那些堂姐妹中虽然有些比较可恶,但她还是不好意思和人家吵闹的。
“额娘,今儿个大姨母真的要进宫吗?”景然看着自家额娘,笑着转移了话题。
“嗯。”靳新月笑着点了点头,柔声道:“你大姨母的真实身份是个秘密,未免生出事端,她从不敢在外头走动,不过皇后娘娘说,也不能躲一辈子,反正这事皇上也知道,有他们护着,旁人即便猜测到了什么,也是不敢多言的。”
“那就好,不然大姨母要躲着一辈子,几乎不能出门,一想想就憋的慌。”对于十来岁的景然来说,若是一天憋在府里不能出门,那当真是要命的事儿。
母女两个一边吃着嬷嬷准备的早膳,一边小声说着话,等到了宫门口时,天色还早,太阳照在身上都还不觉得热。
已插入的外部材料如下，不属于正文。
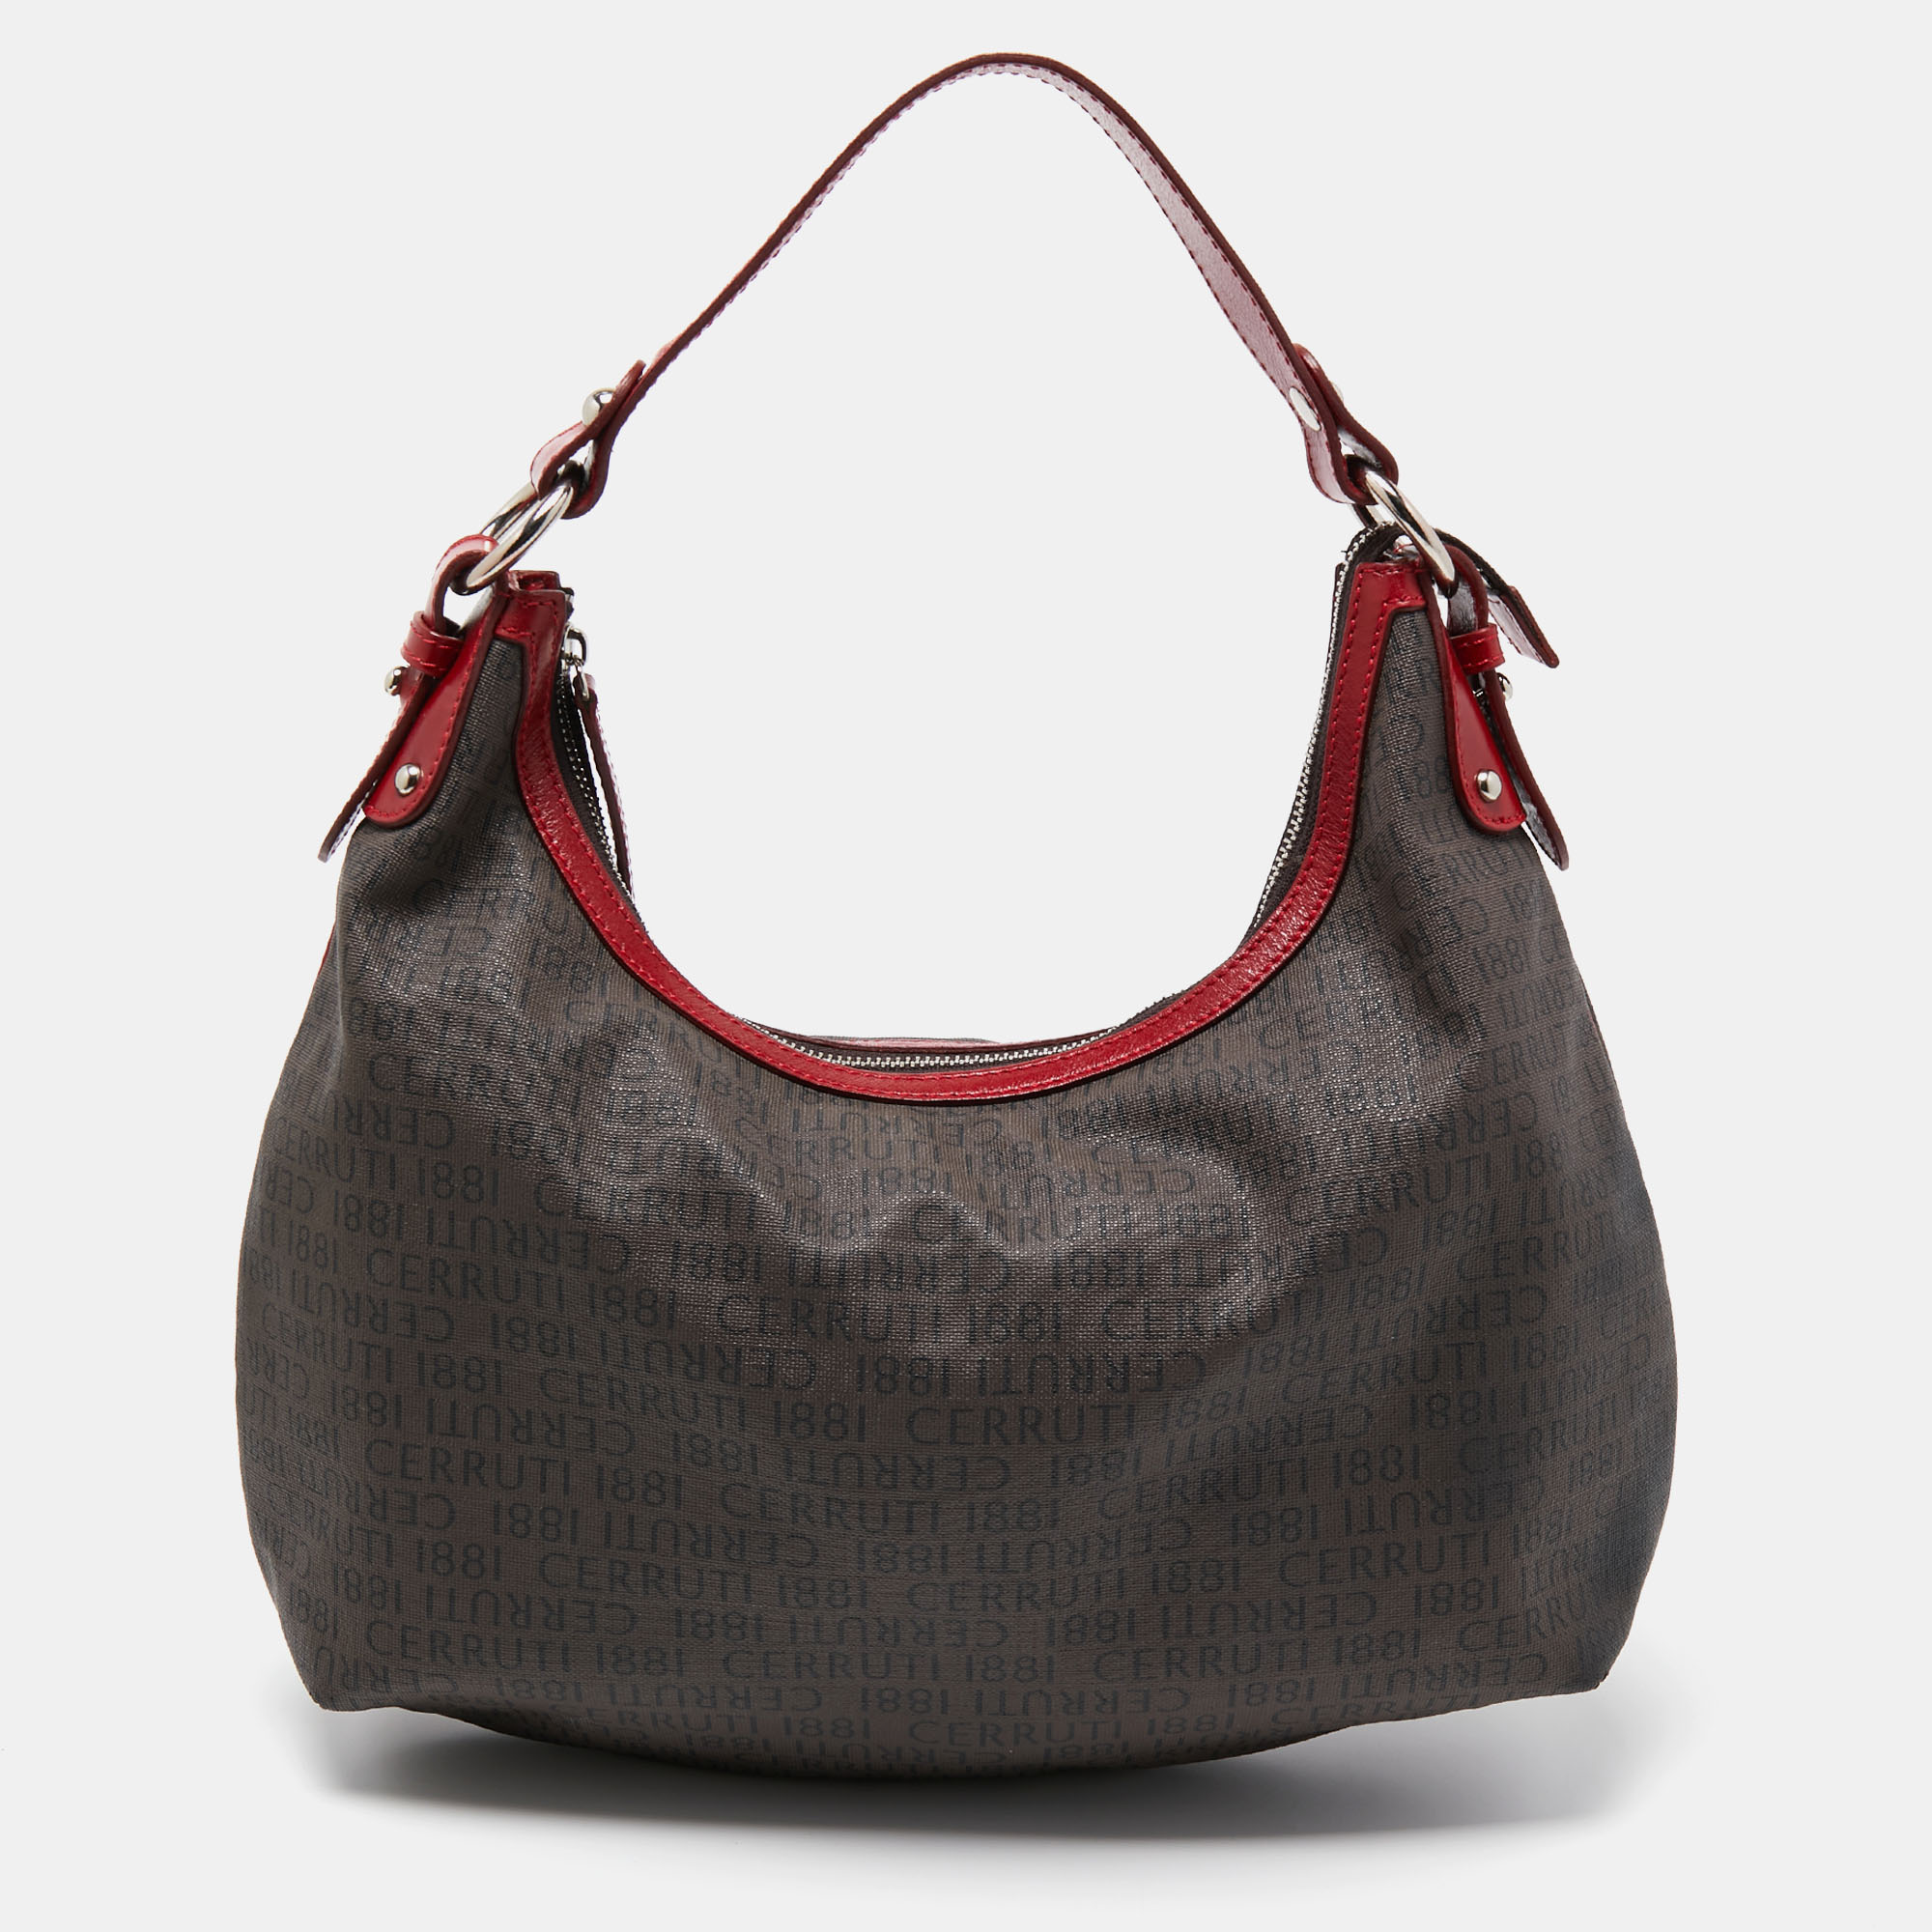 

Cerruti Dark Brown/Red Monogram Coated Canvas and Leather Hobo

“怜儿姐姐在前面,还有越之表哥。”景然眼尖,一下子就看到了在她们前面不远处的靳明月他们,便急匆匆的追了上去。
“怜儿姐姐。”景然高声喊了起来。
林怜儿闻言回过头来,看着景然,脸上露出了灿烂的笑容,待景然靠近后便轻轻福身:“郡主万福金安。”
不仅是林怜儿,靳明月和一旁的林越之也跟着行礼。
在外人面前,该有的礼数必须有,免得受人诟病,等到了靳水月的永寿宫,便不必如此了。
等靳新月过来后,靳明月也带着两个孩子向她行礼。
若不是这宫道上来来往往许多奴才走动,靳新月都想叫声姐姐了。
“林夫人不必多礼,夫人这是要给皇后娘娘请安吗?”靳新月笑着问道,她这是明知故问了,纯粹是随便找话说,毕竟在外人面前,许多话都是不能说的。
“是,福晋您呢?”靳明月很配合的问道。
“我也要去永寿宫,既然咱们都要去给皇后娘娘请安,那便一道吧。”靳新月脸上满是灿烂的笑容,再看女儿景然,那丫头已经和林怜儿手拉手,凑在一块说悄悄话了。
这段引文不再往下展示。